TASK REQUIREMENTS »
The result should be the listing below restated word for word, with images left out.

DATASET CONTENT »
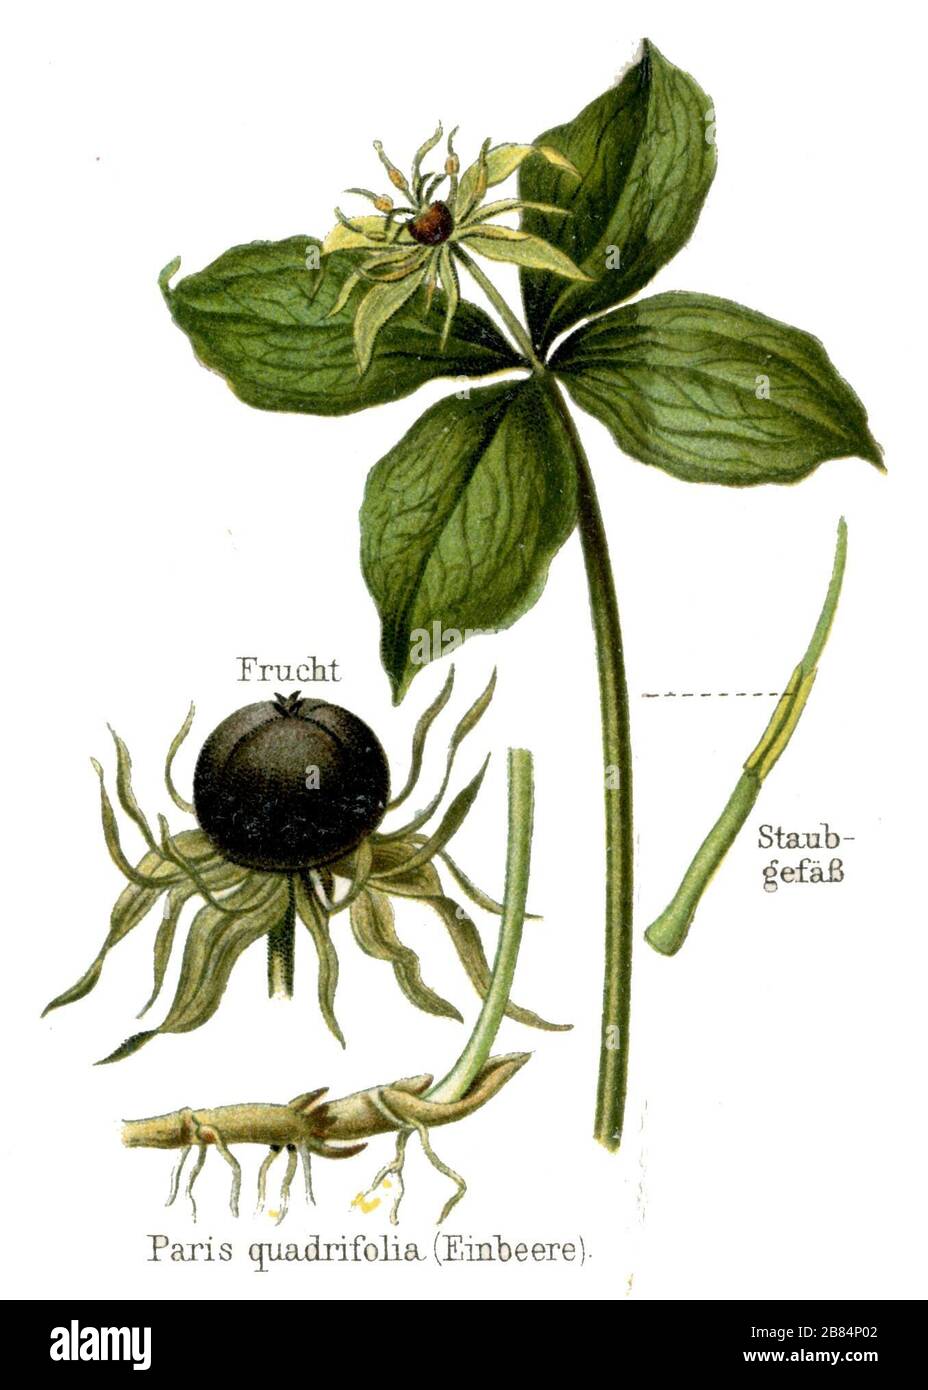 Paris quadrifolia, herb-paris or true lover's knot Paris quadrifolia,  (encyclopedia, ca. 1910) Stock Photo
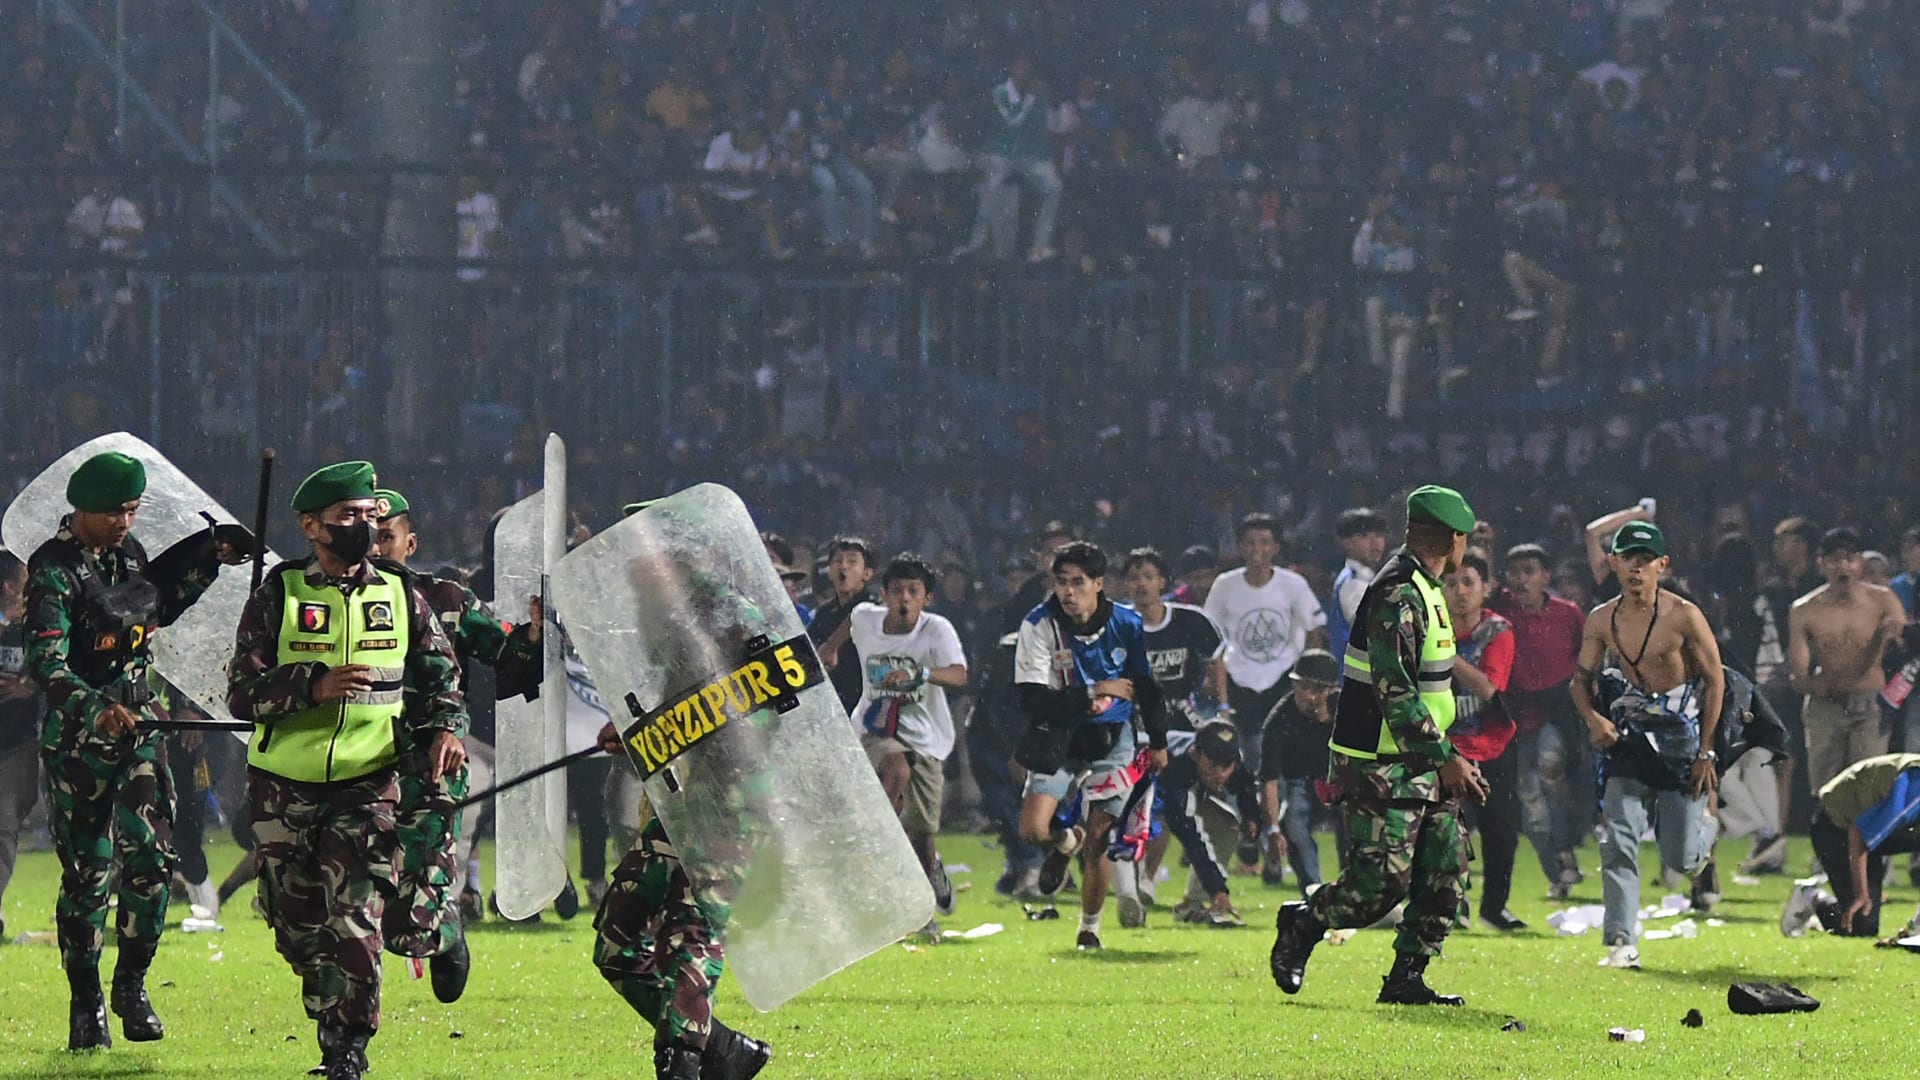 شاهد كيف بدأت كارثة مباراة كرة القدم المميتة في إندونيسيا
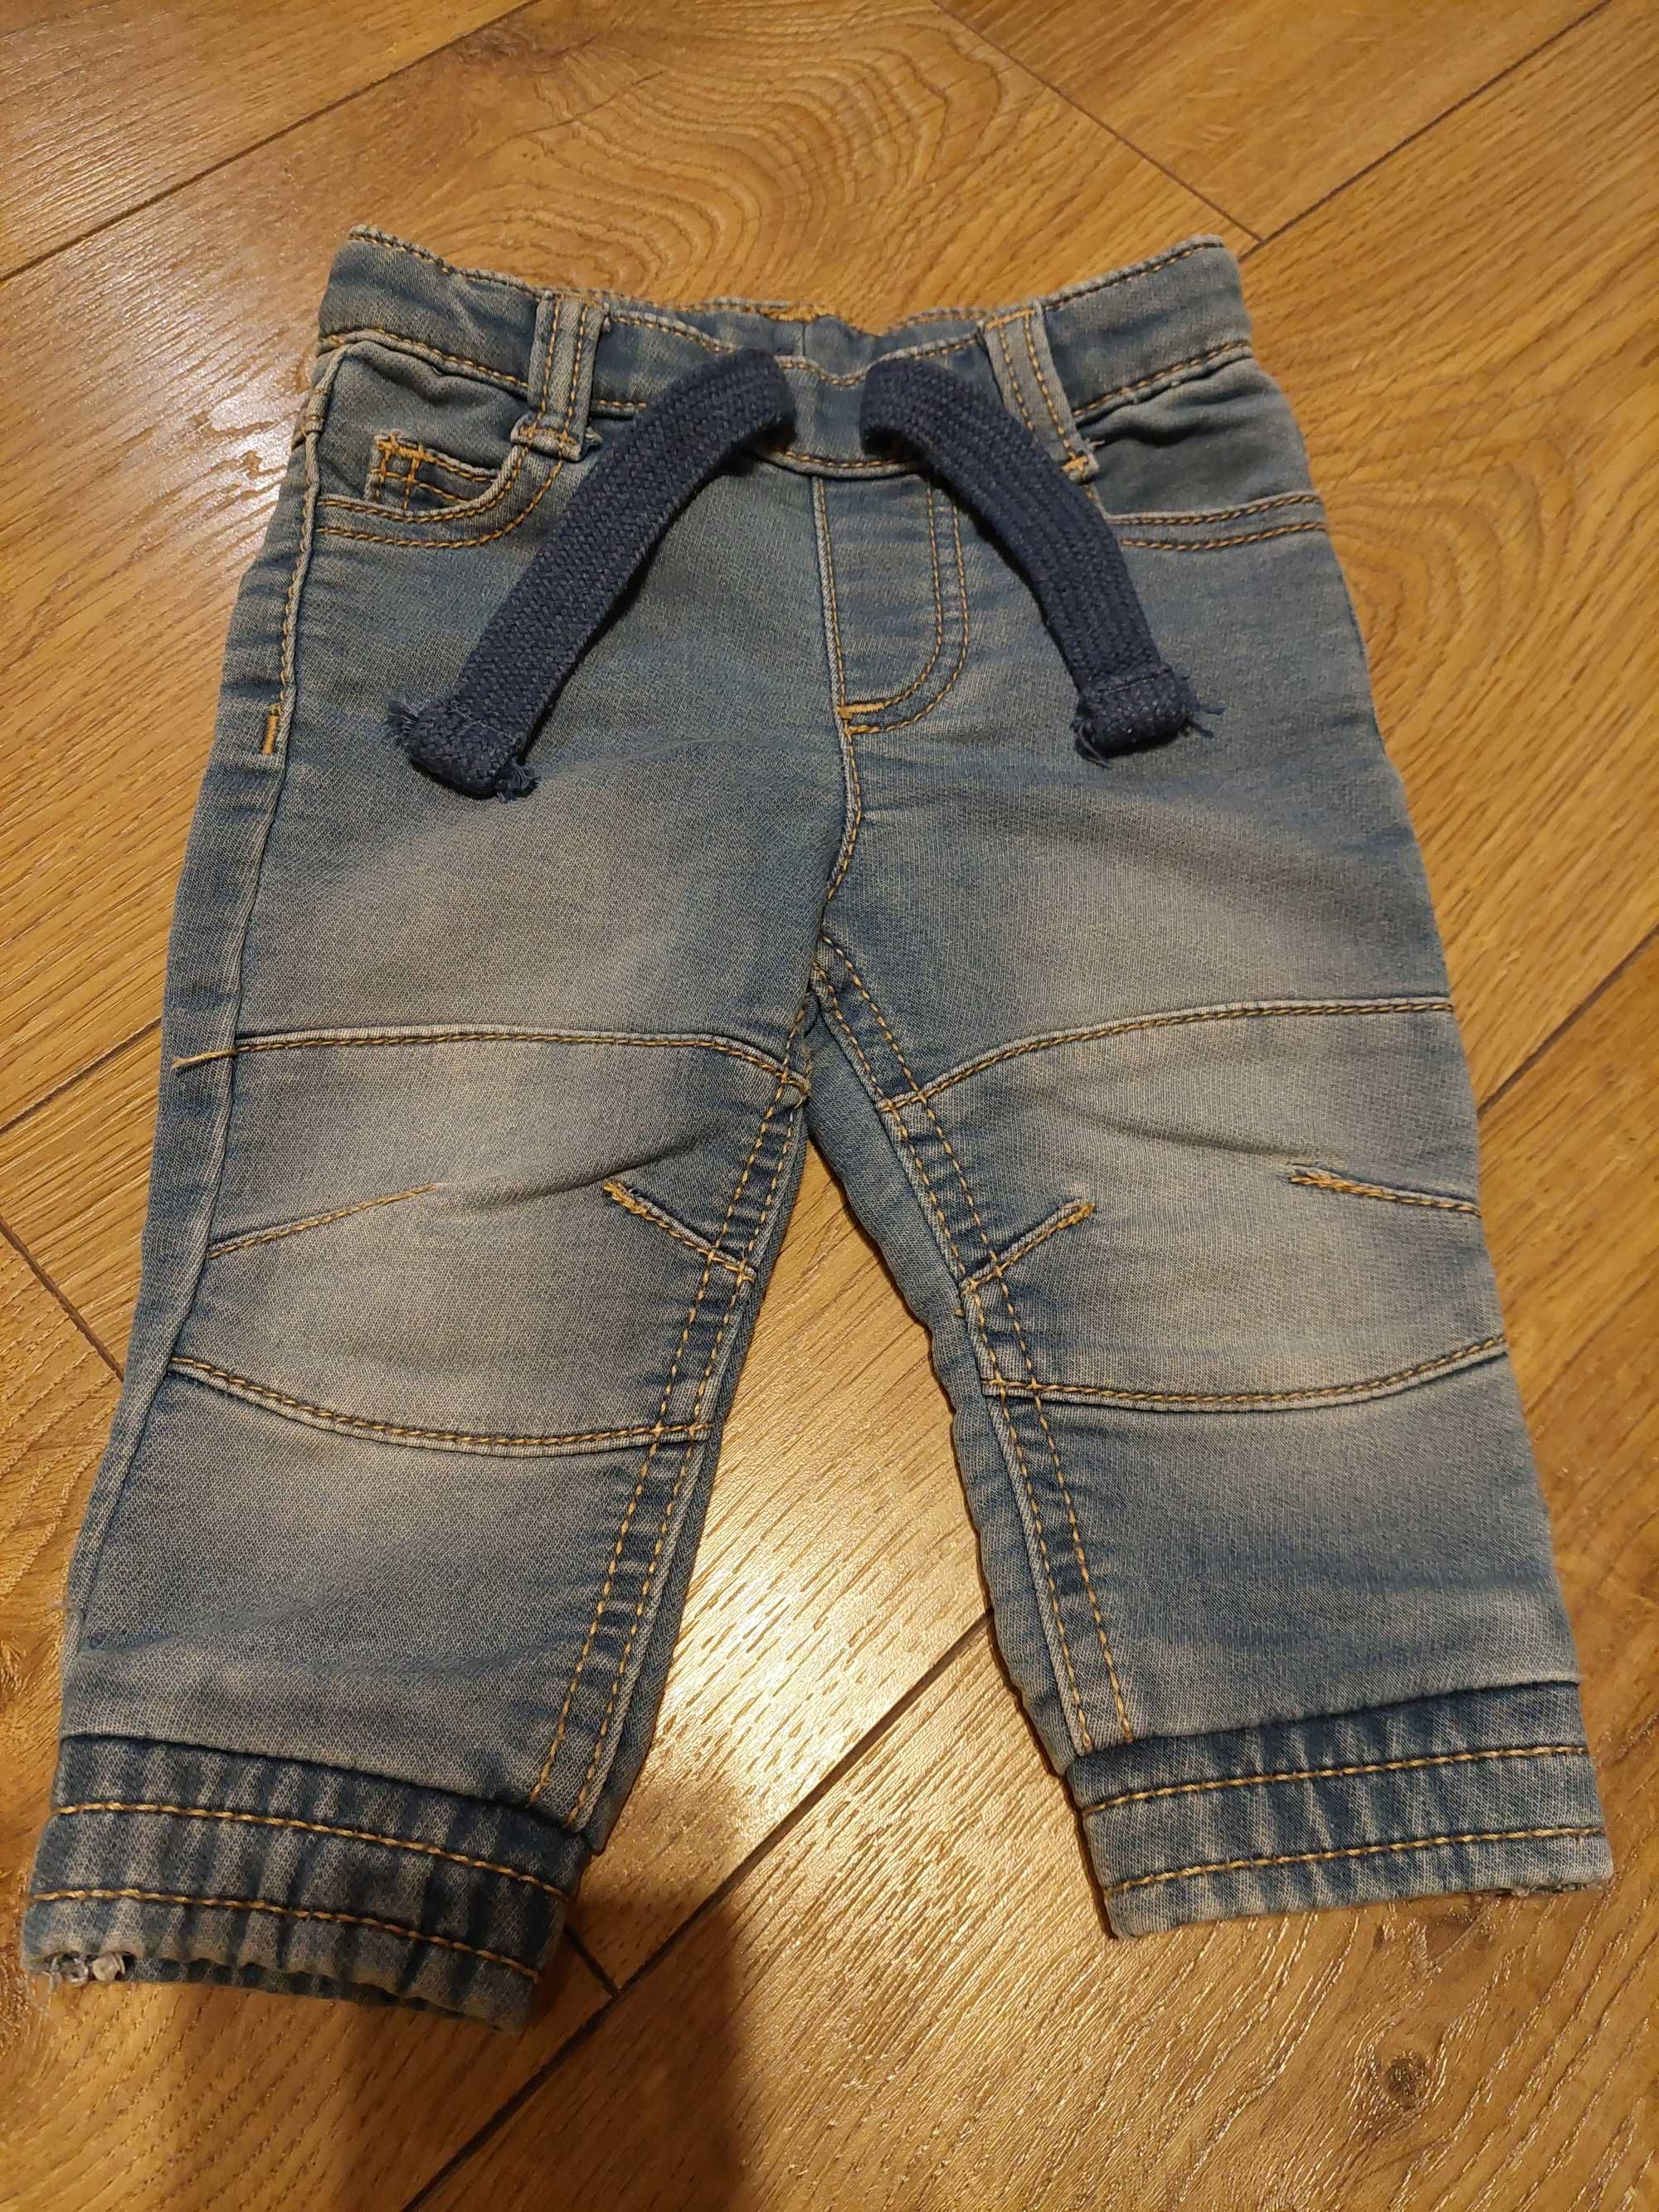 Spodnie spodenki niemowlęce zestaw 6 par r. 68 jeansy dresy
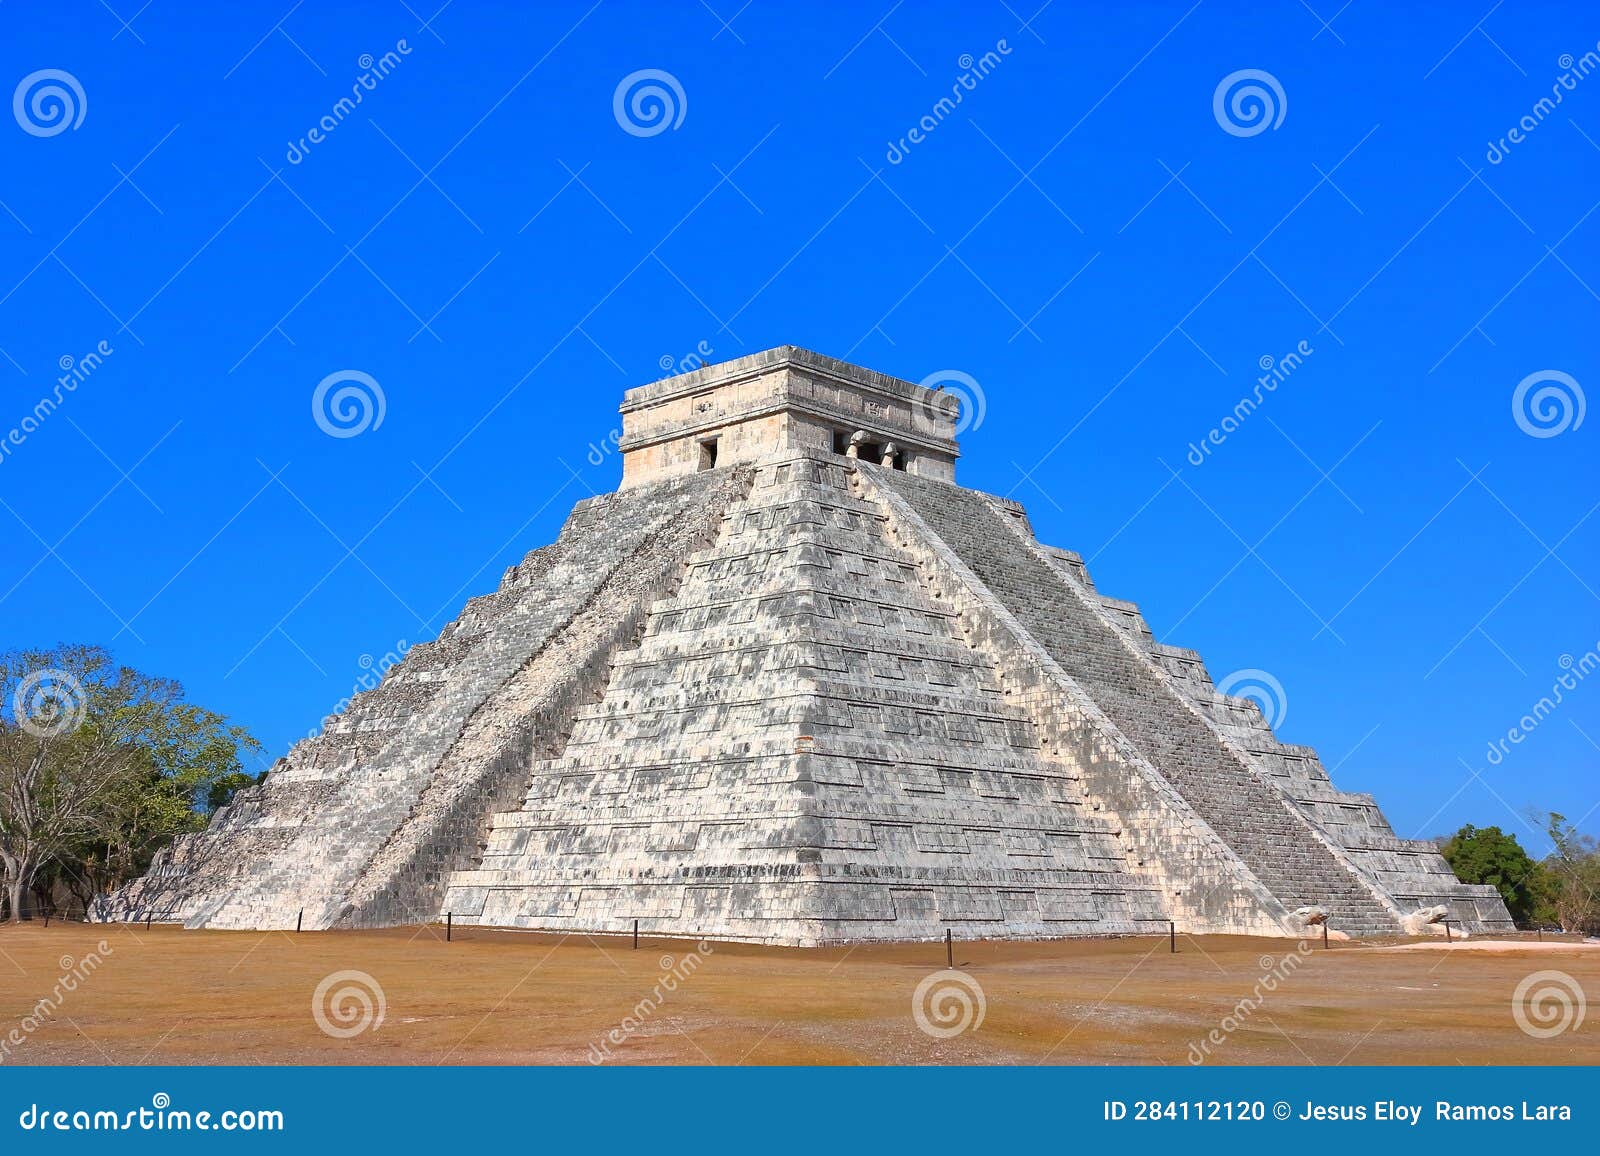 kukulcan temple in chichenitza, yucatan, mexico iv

SOLUTION TO THE PROBLEM »
 Paris quadrifolia, herb-paris or true lover's knot Paris quadrifolia,  (encyclopedia, ca. 1910) Stock Photo
 شاهد كيف بدأت كارثة مباراة كرة القدم المميتة في إندونيسيا
 Spodnie spodenki niemowlęce zestaw 6 par r. 68 jeansy dresy
 kukulcan temple in chichenitza, yucatan, mexico iv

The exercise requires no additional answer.